*PROBLEM REQUIREMENTS:*
Each line of the material below is to be written out exactly. Leave out any picture.

DATA PROVIDED below:

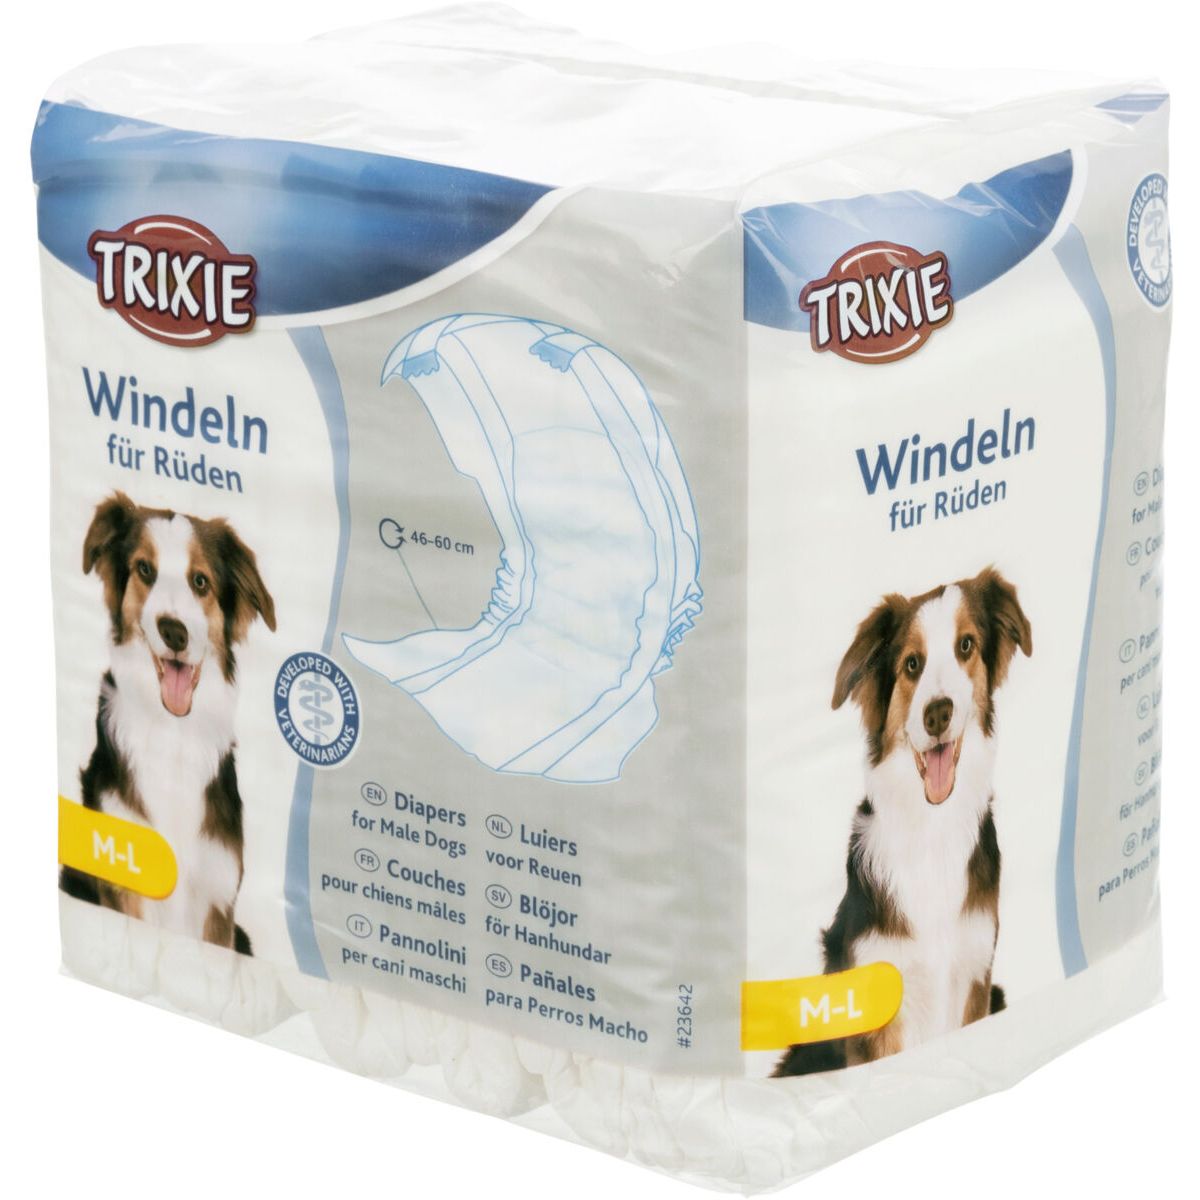 Підгузки для собак-хлопчиків Trixie 46-60 см M-L 12 шт. (23642) - фото 1
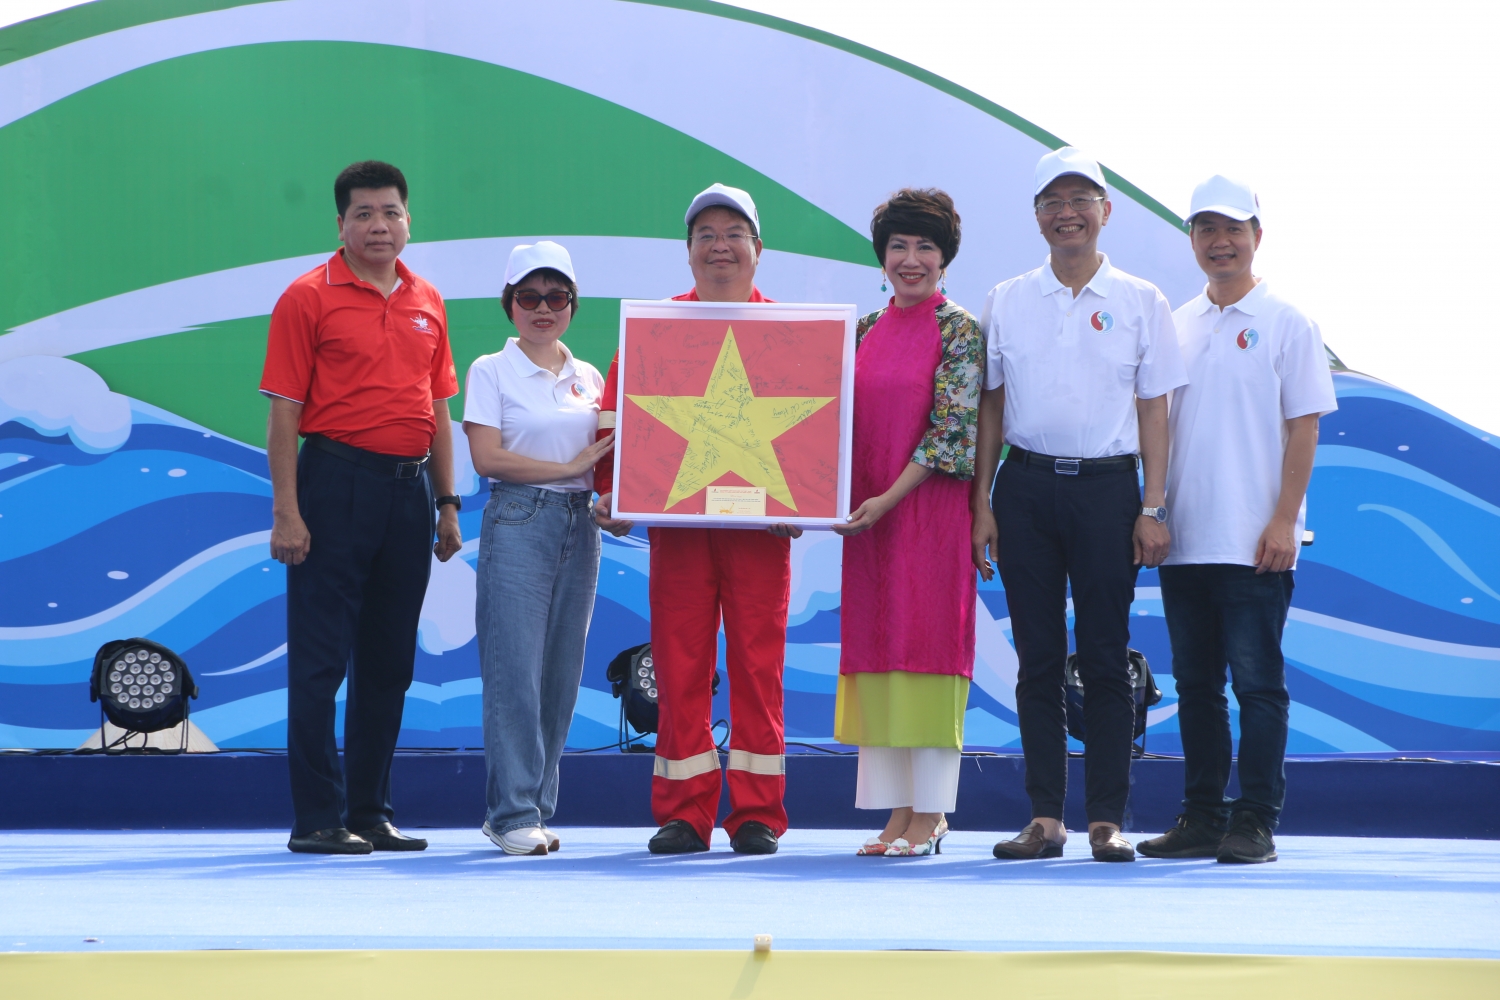 Petrovietnam hưởng ứng Lễ phát động quốc gia Tuần lễ Biển và Hải đảo Việt Nam
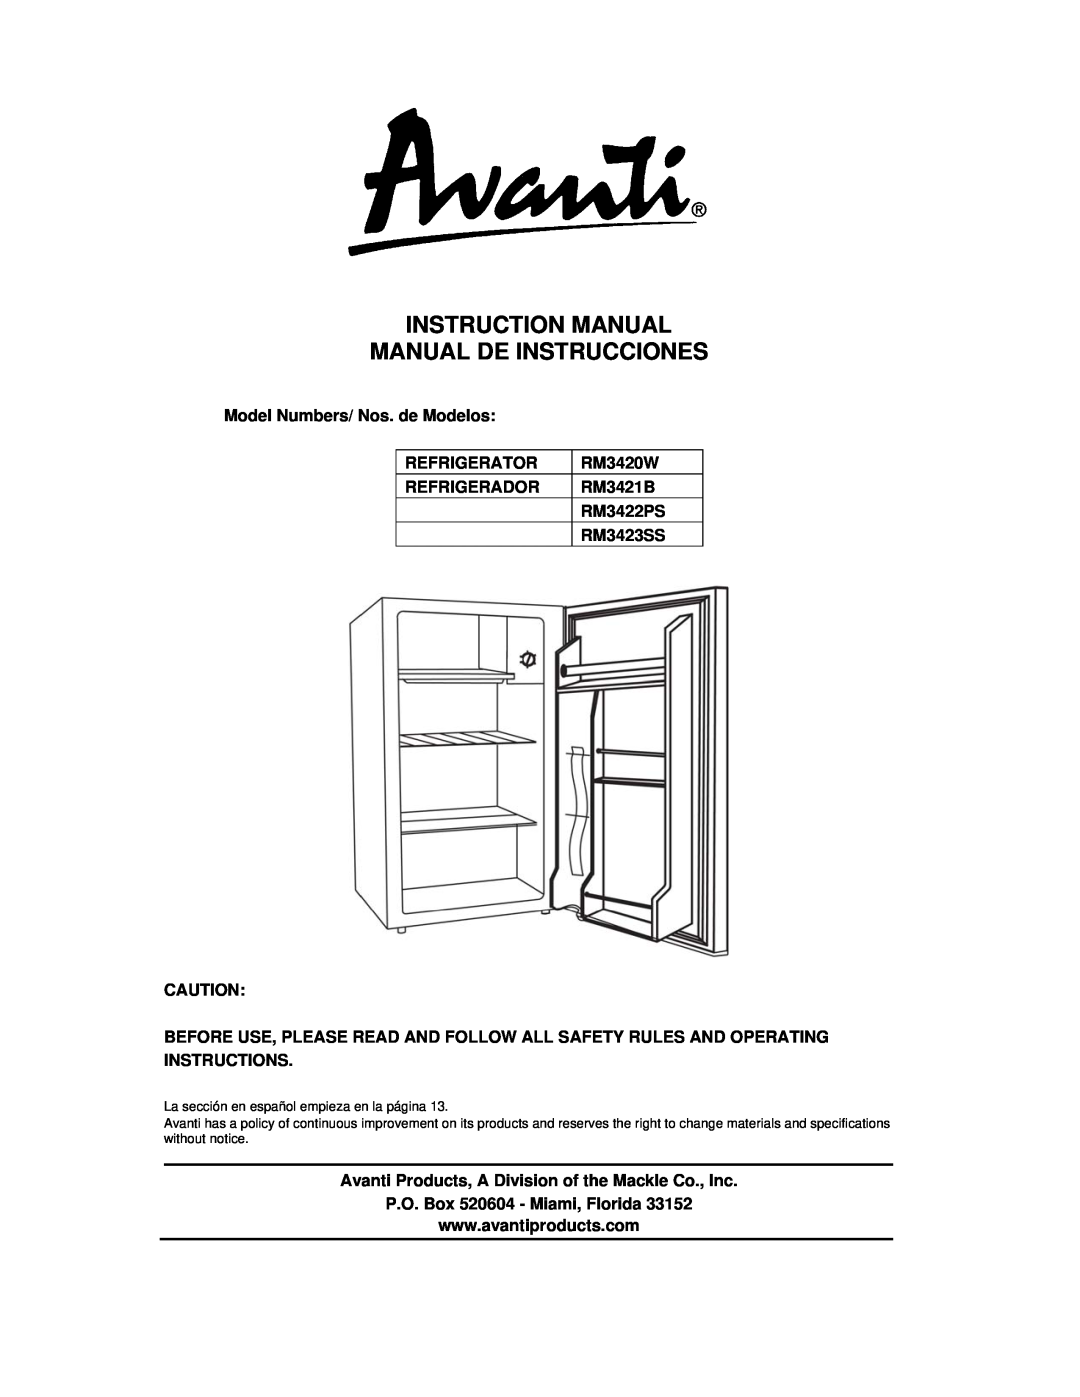 Avanti RM3420W instruction manual Model Numbers/ Nos. de Modelos, Refrigerator, Refrigerador, RM3421B, RM3422PS, RM3423SS 
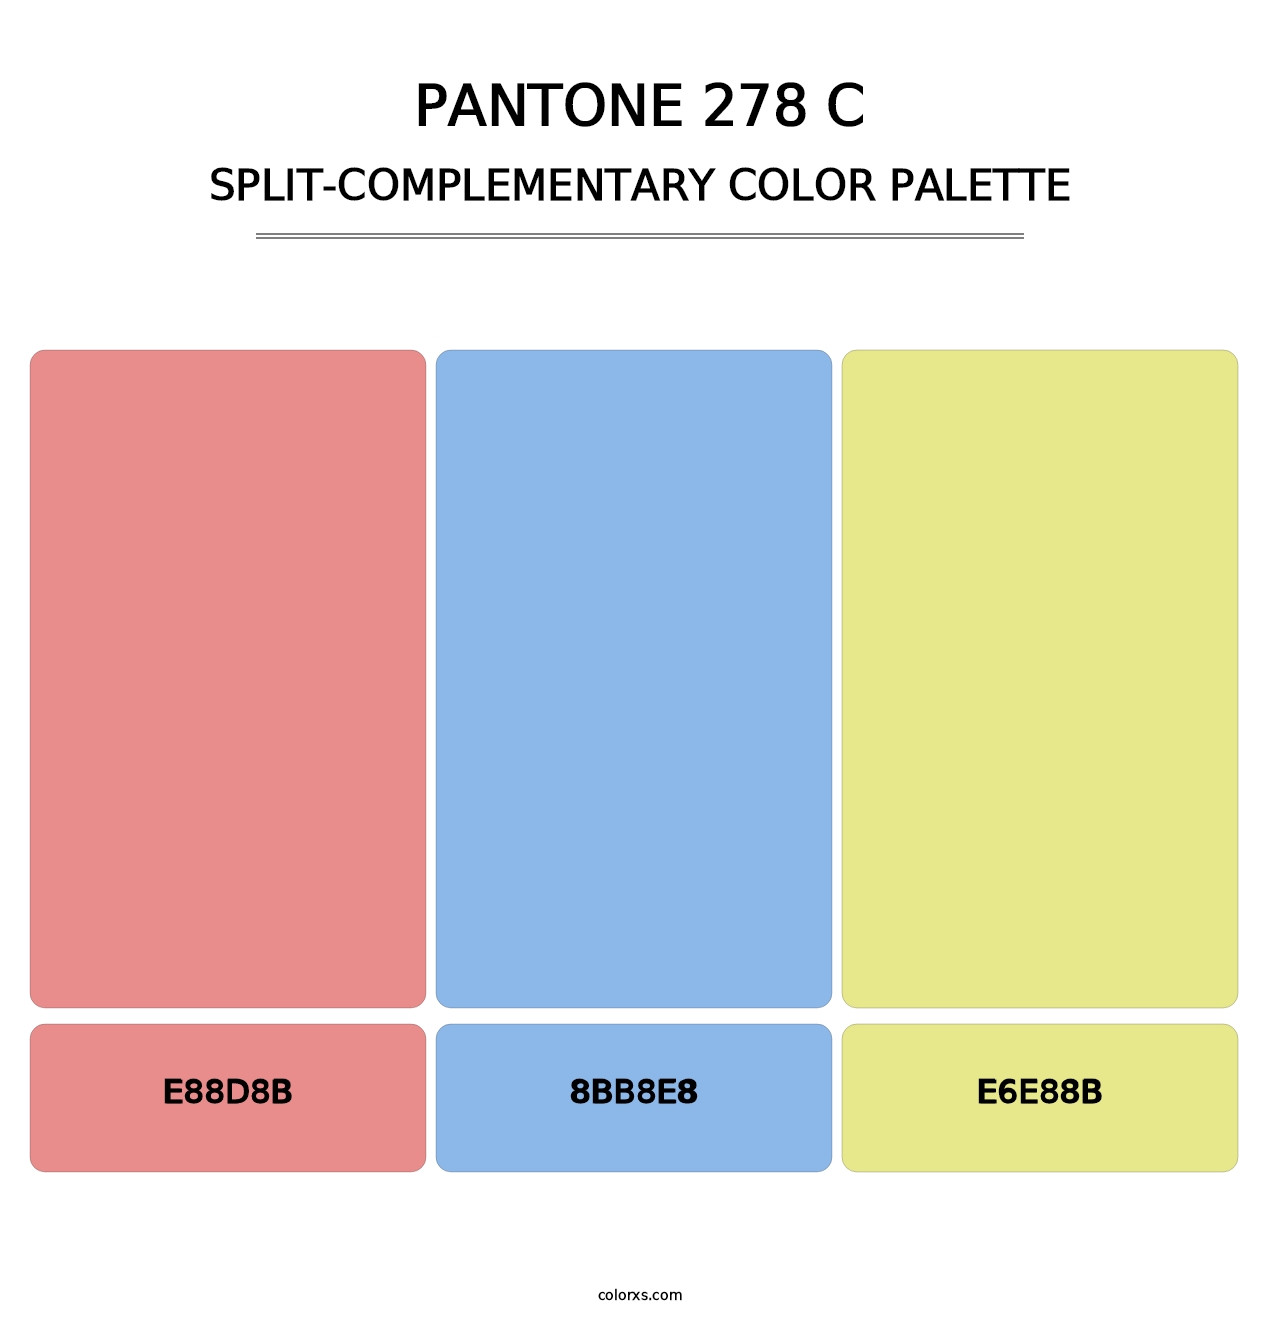 PANTONE 278 C - Split-Complementary Color Palette

End of DATA PROVIDED.

*THE ANSWER:*
 Підгузки для собак-хлопчиків Trixie 46-60 см M-L 12 шт. (23642) - фото 1
 Petrovietnam hưởng ứng Lễ phát động quốc gia Tuần lễ Biển và Hải đảo Việt Nam
 Avanti RM3420W instruction manual Model Numbers/ Nos. de Modelos, Refrigerator, Refrigerador, RM3421B, RM3422PS, RM3423SS 
 PANTONE 278 C - Split-Complementary Color Palette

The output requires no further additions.